# About how big is the Royal Opera House, Covent Garden?



## Bellinilover (Jul 24, 2013)

This is a question for those who have attended both the Metropolitan Opera and London's Royal Opera House. Last year I was in the Met for the first time, to see L'ELISIR D'AMORE, and was truly amazed at the size of that house. I mean, I expected it to be big, but it exceeded my expectations in this respect. It's enormous (I was sitting upstairs, in the second-to-last row of the Family Circle). Currently, I'm watching the 2011 DVD of TOSCA from Covent Garden and am wondering how big that opera house actually is. My idea is that it's smaller than the Met -- and small enough so that more truly intimate productions are possible (at the Met, it's as though "intimate" is not really all that intimate, if you know what I mean). So, how does the Royal Opera House compare to the Met, with respect to size? And does anyone have any interesting memories of attending the Royal Opera?


----------



## Becca (Feb 5, 2015)

The ROH is considerably smaller ... not quite half the seating, i.e. 2256 seats against the Met's approx. 4000.

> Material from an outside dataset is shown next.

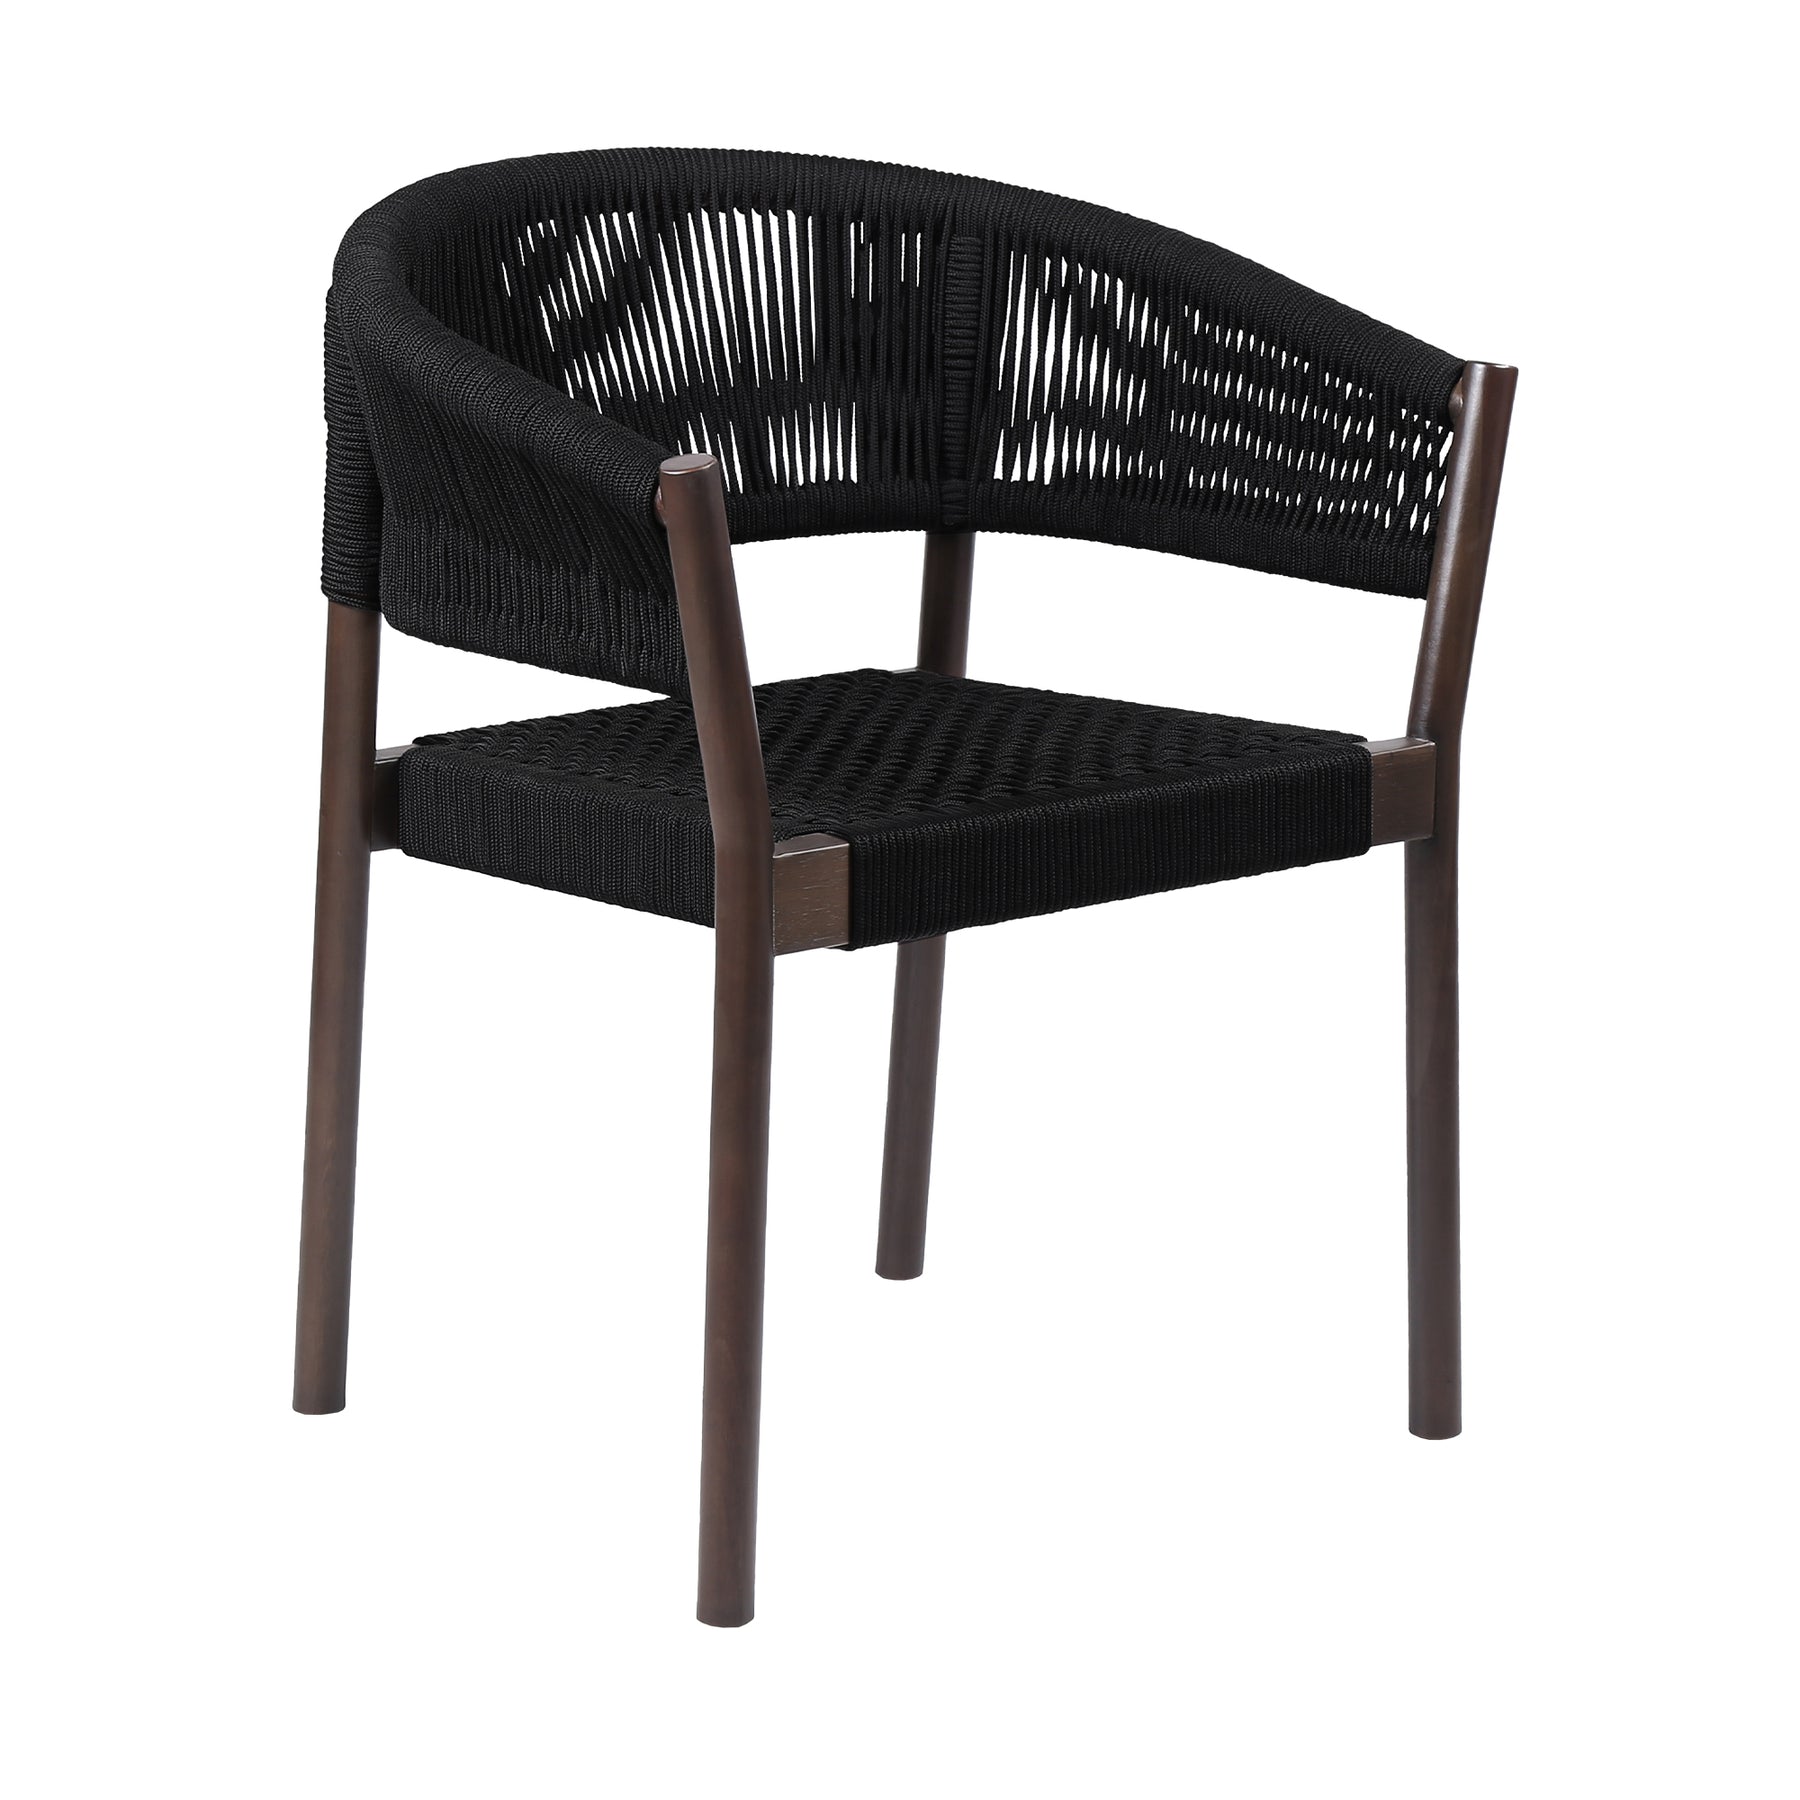 Doris outdoor dining chair set of 2, light/charcoal

While I haven't been in the Met, I have been to Covent Garden a few times to see both the Opera, the Royal Ballet and one time to see the NY City Ballet, all before the most recent updates to the house. My favourite recollection was seeing Salome from the seating below the lowest box level on the right of this picture, and just beyond the orchestra pit. It was quite an experience.
View attachment 96026


----------



## mountmccabe (May 1, 2013)

I have been in both - though the ROH only once - and it felt significantly smaller, but not intimate.

The orchestra (floor) section of the Metropolitan Opera House has more than 1500 seats. The Royal Opera House at Covent Garden has less than 600 seats in the orchestra.

Another data point: War Memorial Opera House in San Francisco has a capacity of 3,126. Almost 1200 of these are in the orchestra. It does not feel that much larger than the ROH.

Stopera in Amsterdam, home of Dutch National Opera, holds 1600 and felt significantly more intimate, though again I've only been there once.


Though I may have a different idea of intimate: the last place I saw an opera had a capacity of 80. I sat in the front row and at times the singers were within arm's distance.


----------



## Bellinilover (Jul 24, 2013)

Becca said:


> The ROH is considerably smaller ... not quite half the seating, i.e. 2256 seats against the Met's approx. 4000.
> 
> While I haven't been in the Met, I have been to Covent Garden a few times to see both the Opera, the Royal Ballet and one time to see the NY City Ballet, all before the most recent updates to the house. My favourite recollection was seeing Salome from the seating below the lowest box level on the right of this picture, and just beyond the orchestra pit. It was quite an experience.
> View attachment 96026


Interesting. It seems the Royal Opera House is basically the same size as the Opera House at the Kennedy Center, which I've been in more times than I can count; the Kennedy Center Opera House has 2,362 seats:









I remember the first time I walked into a Broadway theater (1992, to see LES MISERABLES), I was astonished at how small it was, because I was expecting something similar to the Kennedy Center Opera House.


----------



## Bellinilover (Jul 24, 2013)

mountmccabe said:


> I have been in both - though the ROH only once - and it felt significantly smaller, but not intimate.
> 
> The orchestra (floor) section of the Metropolitan Opera House has more than 1500 seats. The Royal Opera House at Covent Garden has less than 600 seats in the orchestra.
> 
> ...


The last place you mention sounds a little like The Barns at Wolf Trap (in Virginia). It seats 350-400 people, I think:


----------



## mountmccabe (May 1, 2013)

Bellinilover said:


> Interesting. It seems the Royal Opera House is basically the same size as the Opera House at the Kennedy Center, which I've been in more times than I can count; the Kennedy Center Opera House has 2,362 seats:
> 
> View attachment 96028
> 
> ...


Interestingly, the Broadway production of _Les Misérables_ opened with an 8-week tryout at the Kennedy Center Opera House before transferring to Broadway. (Of course, the musical had been seen in the original French first several years earlier and then ran for over a year in the West End before the pre-Broadway tryout in D.C. opened).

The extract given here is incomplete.